Dear fellow CDH users, we have set up Sentry on our CDH 5.2.1 HA cluster. We can successfully create tables through Hive, but the LOAD DATA command keeps failing despite having issued a variety of grants:
LOAD DATA INPATH '/tmp/mytable.dlv' OVERWRITE INTO TABLE `MYTABLE`
ERROR: java.sql.SQLException: Error while compiling statement: FAILED:
SemanticException No valid privileges
Required privileges for this
We tried to grant the following privileges:
grant all on uri 'hdfs://nameservice1:8020/tmp' to role users; - and -
grant all on uri 'hdfs://nameservice1/tmp' to role users;
But the command still fails. We had to issue a "grant all on server server1" command for the LOAD to succeed.

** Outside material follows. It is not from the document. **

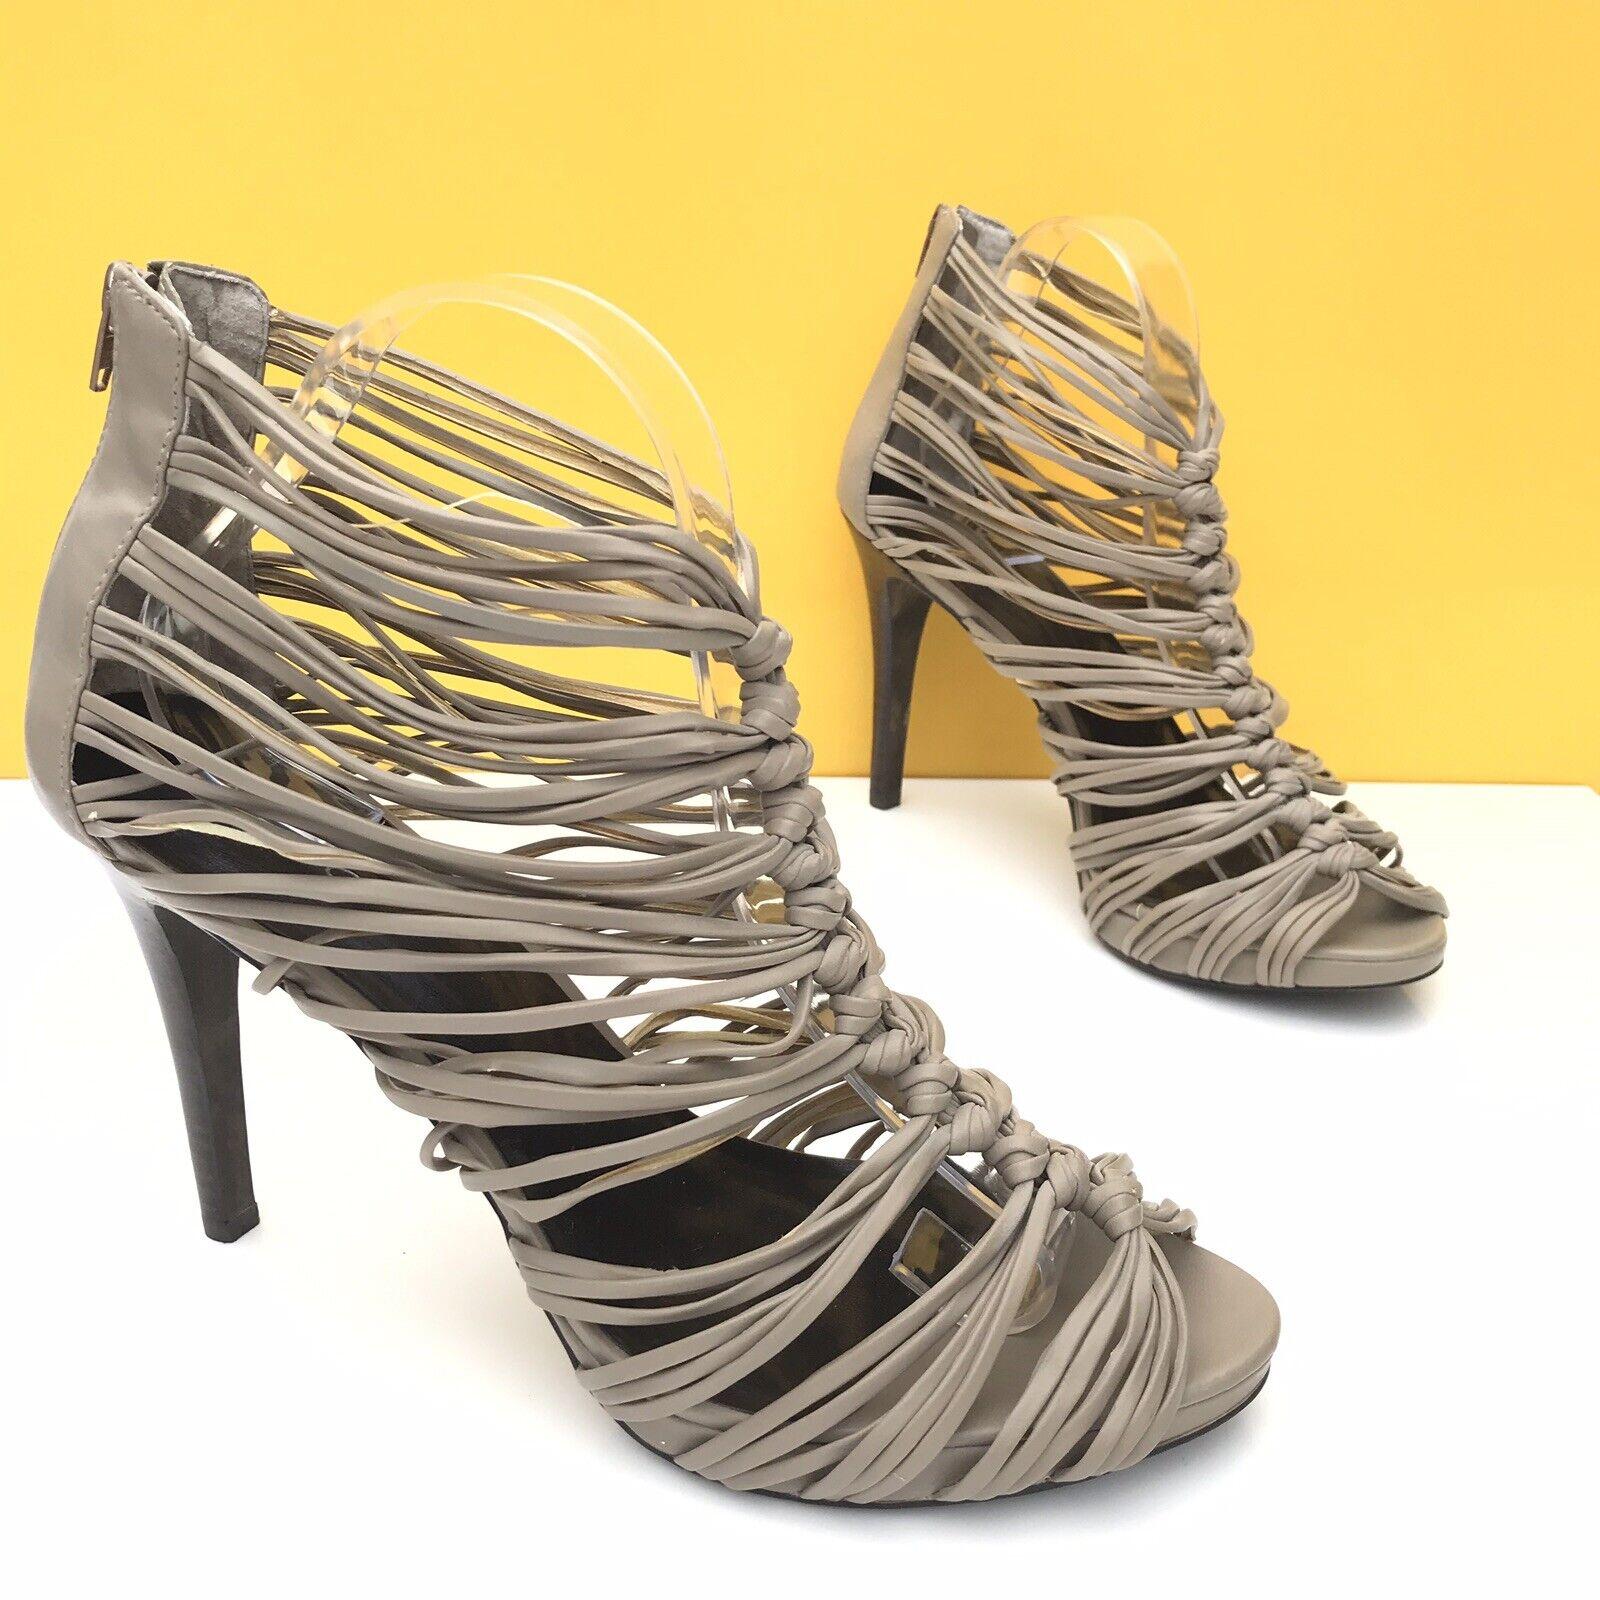 Aldo High Heel NEW Stiletto Sandals UK9 EUR42 Olive Grey Women's Shoes Peep Toe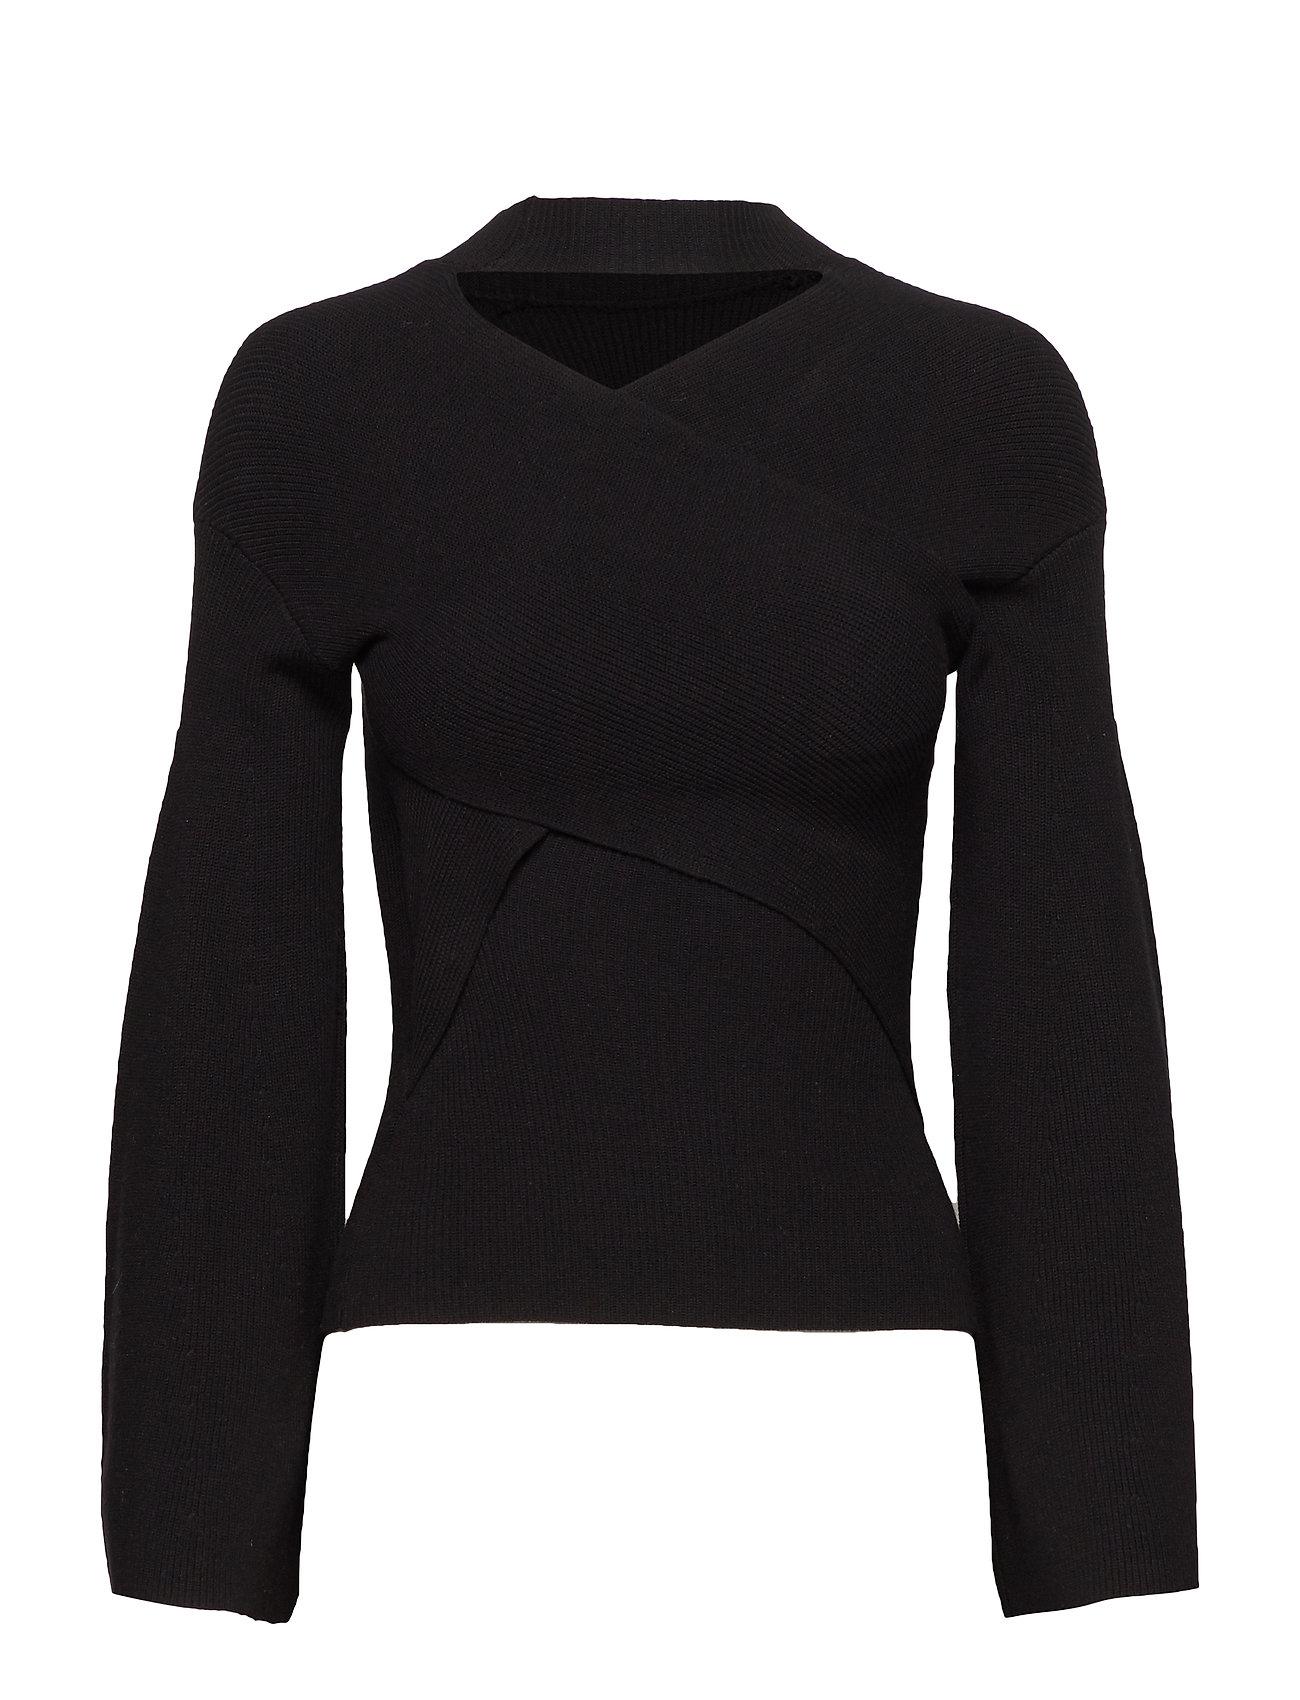 A996Marciano Guess Topjet Sabrina Sweater Black By VqMpSzU

Any insight of what kind of privilege is require for the LOAD to run without errors?
Sentry will not work on HDFS file permissions without the hdfs/sentry plugin enabled which is only available in 5.3 and higher. So to allow access to your folders you will have to use facl's on hdfs to allow access. Please note that facls on hdfs are name specific and do not adhere to groups from AD or other KDC providors, so you will have to use the name of the user on the files.
For doing updates you also need to add the user to the default acl or they will not be added to new files as they are created.
Also, yet another issue when you land the files they are owned by the user that lands them. This causes some issues with hive and impala as they do not have access to the files unless they are the owner. We fixed this by running a chmod/chown at the end of each of our landing jobs changing the owner to hive:hive and setting the permissions to 770.
My best recommendation would be to update to 5.4 and use the hdfs/sentry sync so all your permissions are managed though sentry instead of hdfs acl's and sentry.
Hope this helps!